Het jaar 1945 markeerde ook het einde van het politieke, culturele en intellectuele overwicht van
Europa in de wereld, het einde van het Europese tijdperk, en het einde van het Europese
statensysteem. Maar er was ook nog iets anders: het einde van het overwicht van de Duitse
intellectuele invloed in de wereld. Daarbij ging het niet slechts om de methodieken
en normen van het Duitse onderwijs en de Duitse wetenschap die in de zeventig jaar na 1870 niet
alleen op vele plaatsen in Europa en in de hele wereld invloed hadden gehad en waren
overgenomen, ook in naties die in de twee wereldoorlogen tegenstanders van Duitsland waren.

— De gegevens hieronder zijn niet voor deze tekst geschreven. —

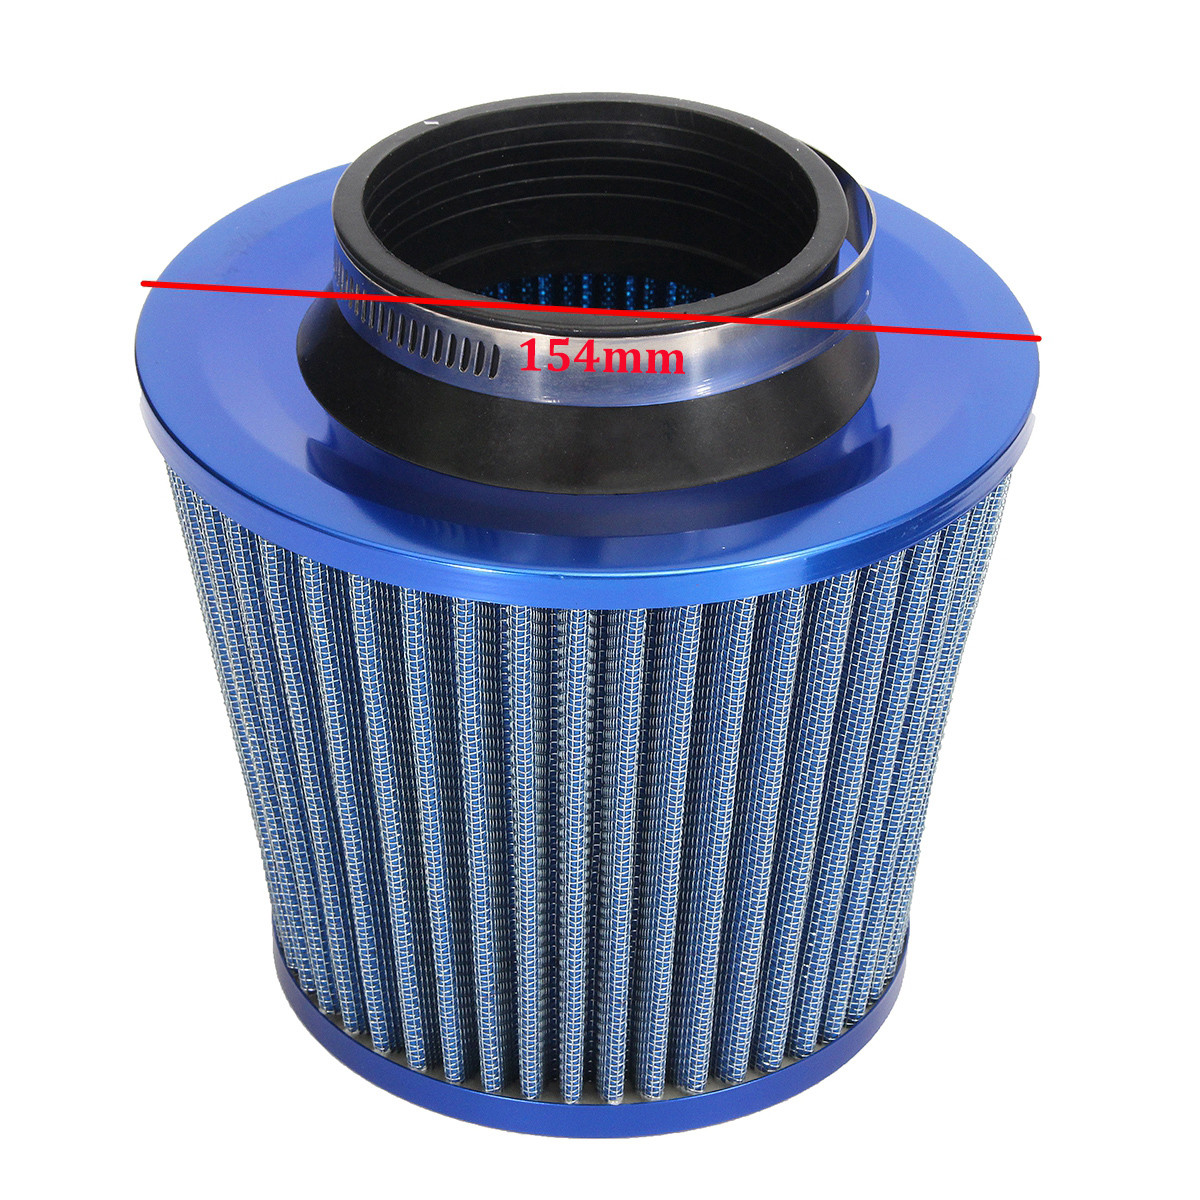 3-Inch-75mm-Car-Cold-Air-Intake-System-Turbo-Induction-Pipe-Tube-and-Cone-Filter-1370544
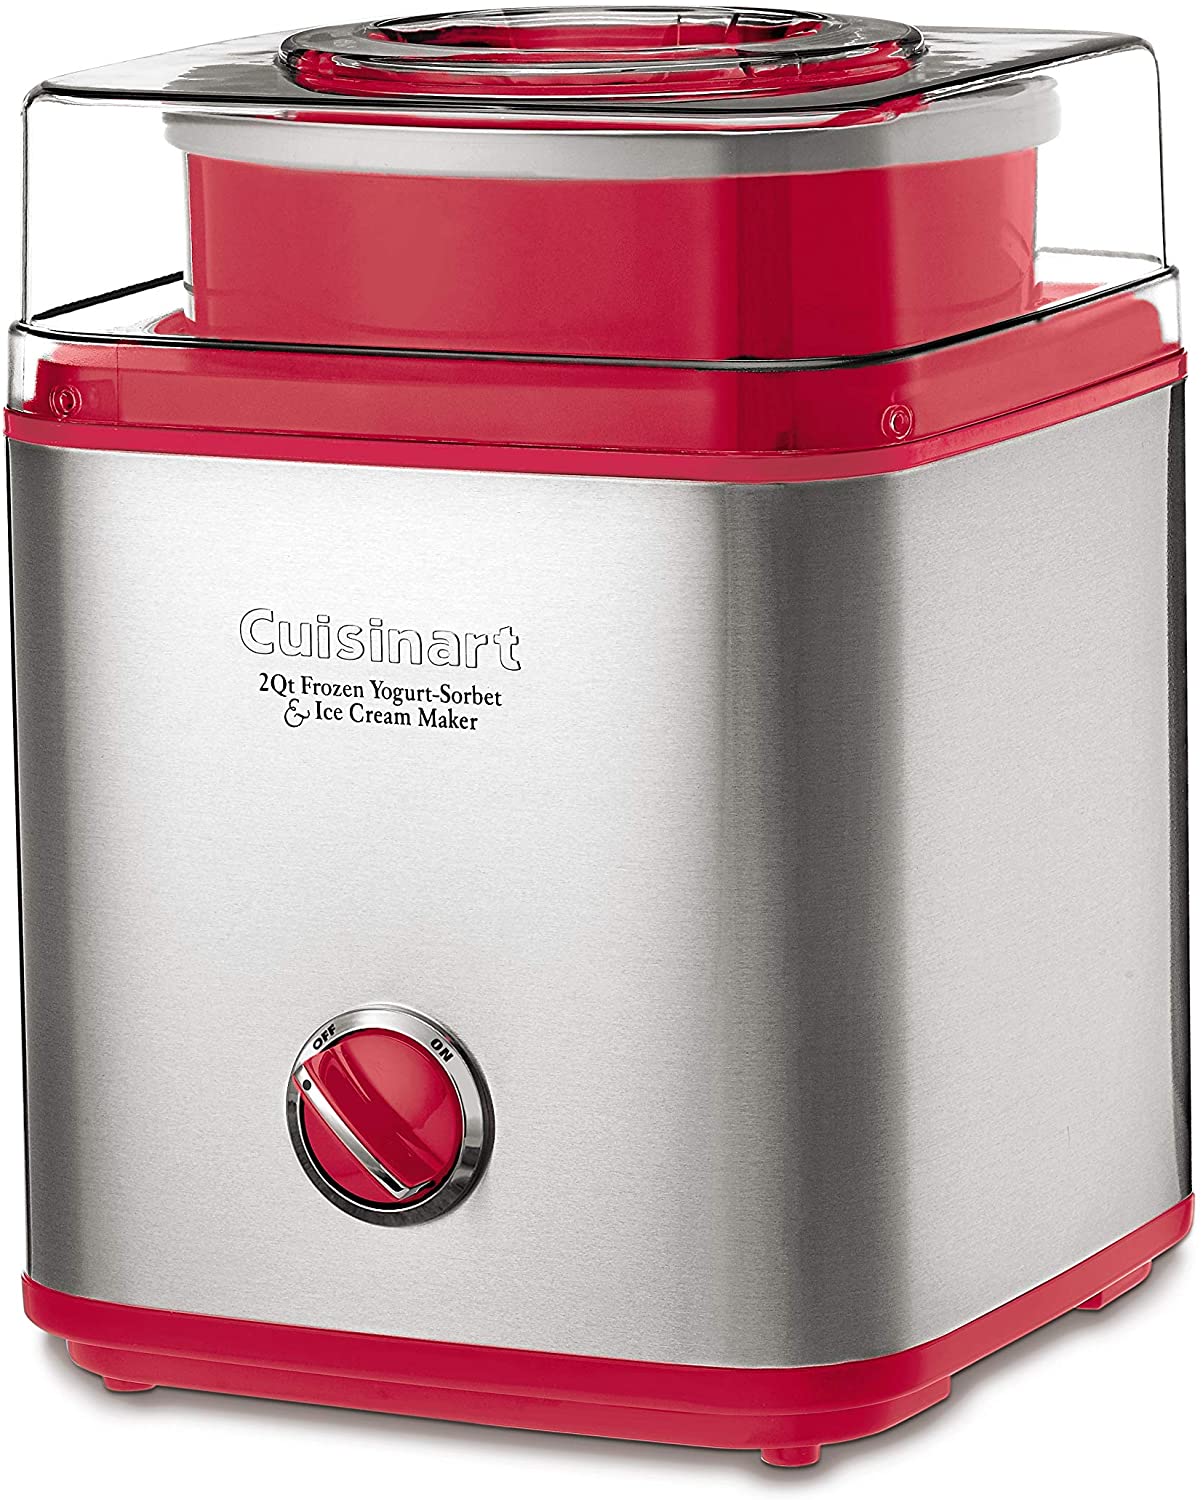 Cuisinart ICE-30RFR 2 QT Ice Cream Maker, Red - Certified Refurbished
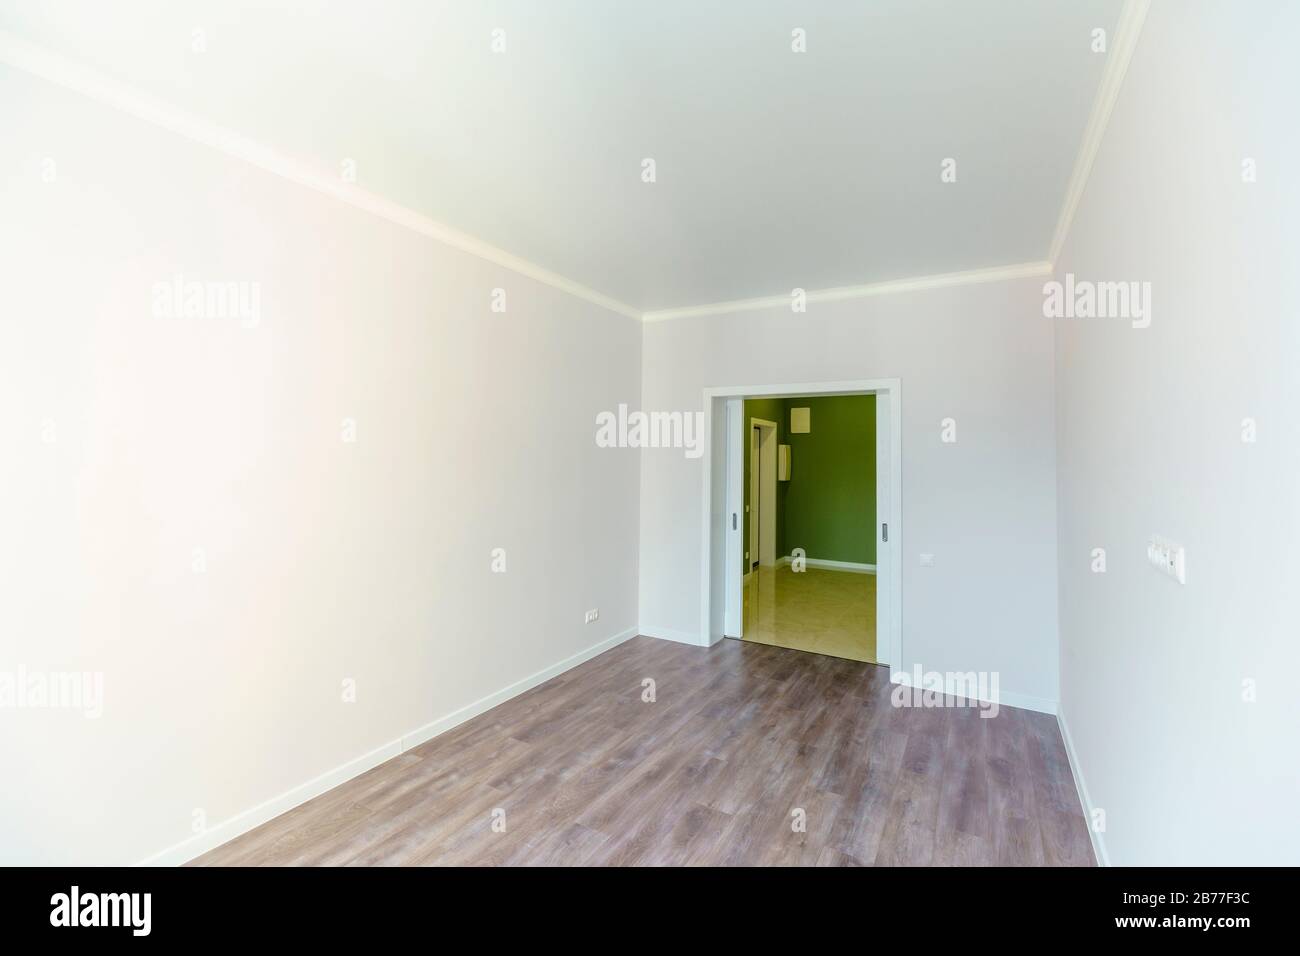 An Empty Room With White Walls And Wooden Floors Fresh New

Er
was nog iets anders, iets dat ontstaan was na de Franse Revolutie: een romantisch
(en dikwijls sentimenteel en categorisch) idealisme als reactie op het materialisme (en dikwijls het
rationalisme) van de Verlichting. Deze zeer belangrijke en in potentie vruchtbare intellectuele
prestatie – een belangrijk hoofdstuk in de Europese geestesgeschiedenis – werd meestal door
Duitsers vertegenwoordigd en voorbeeldig verwoord; en werd vervolgens door
sommige van hen tot in het extreme doorgevoerd, tot een deterministisch ideaal dat onmenselijker
bleek te zijn dan het deterministische materialisme dat eraan vooraf was gegaan en in jammerlijke
toestand nog voortleefde – voor een tijdje tenminste. En een incarnatie van een onwankelbaar
geloof in een deterministisch idealisme was Adolf Hitler.